▸ **WHAT YOU ARE ASKED TO DO**
Begin with the first line of the entries below. Copy each line exactly, stopping after the one that contains "handball_ball_00.jpg".

▸ **RECORD EXTRACTS**
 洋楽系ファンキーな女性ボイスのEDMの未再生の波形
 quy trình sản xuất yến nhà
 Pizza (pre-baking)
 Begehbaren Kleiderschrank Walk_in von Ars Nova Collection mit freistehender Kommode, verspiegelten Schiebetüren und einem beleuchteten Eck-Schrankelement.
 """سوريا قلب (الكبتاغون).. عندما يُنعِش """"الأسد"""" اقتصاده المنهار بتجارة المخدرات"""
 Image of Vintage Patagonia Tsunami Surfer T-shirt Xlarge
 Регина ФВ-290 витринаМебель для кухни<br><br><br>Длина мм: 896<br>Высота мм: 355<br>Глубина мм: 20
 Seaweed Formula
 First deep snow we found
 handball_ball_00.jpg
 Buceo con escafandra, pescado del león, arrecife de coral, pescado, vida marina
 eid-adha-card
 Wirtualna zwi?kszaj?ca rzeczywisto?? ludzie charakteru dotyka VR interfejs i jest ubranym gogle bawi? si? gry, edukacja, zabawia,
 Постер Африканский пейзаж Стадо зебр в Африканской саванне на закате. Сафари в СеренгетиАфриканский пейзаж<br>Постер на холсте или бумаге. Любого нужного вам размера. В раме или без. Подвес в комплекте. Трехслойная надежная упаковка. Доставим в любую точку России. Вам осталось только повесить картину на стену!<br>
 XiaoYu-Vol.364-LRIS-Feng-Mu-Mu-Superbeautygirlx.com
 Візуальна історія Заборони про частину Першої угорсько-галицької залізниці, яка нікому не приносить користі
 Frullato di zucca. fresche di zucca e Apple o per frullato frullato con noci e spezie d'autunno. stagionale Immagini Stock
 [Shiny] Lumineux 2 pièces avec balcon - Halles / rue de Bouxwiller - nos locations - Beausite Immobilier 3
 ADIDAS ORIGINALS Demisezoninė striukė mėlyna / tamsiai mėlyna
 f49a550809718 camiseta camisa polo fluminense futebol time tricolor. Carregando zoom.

▸ **TASK RESPONSE**
 洋楽系ファンキーな女性ボイスのEDMの未再生の波形
 quy trình sản xuất yến nhà
 Pizza (pre-baking)
 Begehbaren Kleiderschrank Walk_in von Ars Nova Collection mit freistehender Kommode, verspiegelten Schiebetüren und einem beleuchteten Eck-Schrankelement.
 """سوريا قلب (الكبتاغون).. عندما يُنعِش """"الأسد"""" اقتصاده المنهار بتجارة المخدرات"""
 Image of Vintage Patagonia Tsunami Surfer T-shirt Xlarge
 Регина ФВ-290 витринаМебель для кухни<br><br><br>Длина мм: 896<br>Высота мм: 355<br>Глубина мм: 20
 Seaweed Formula
 First deep snow we found
 handball_ball_00.jpg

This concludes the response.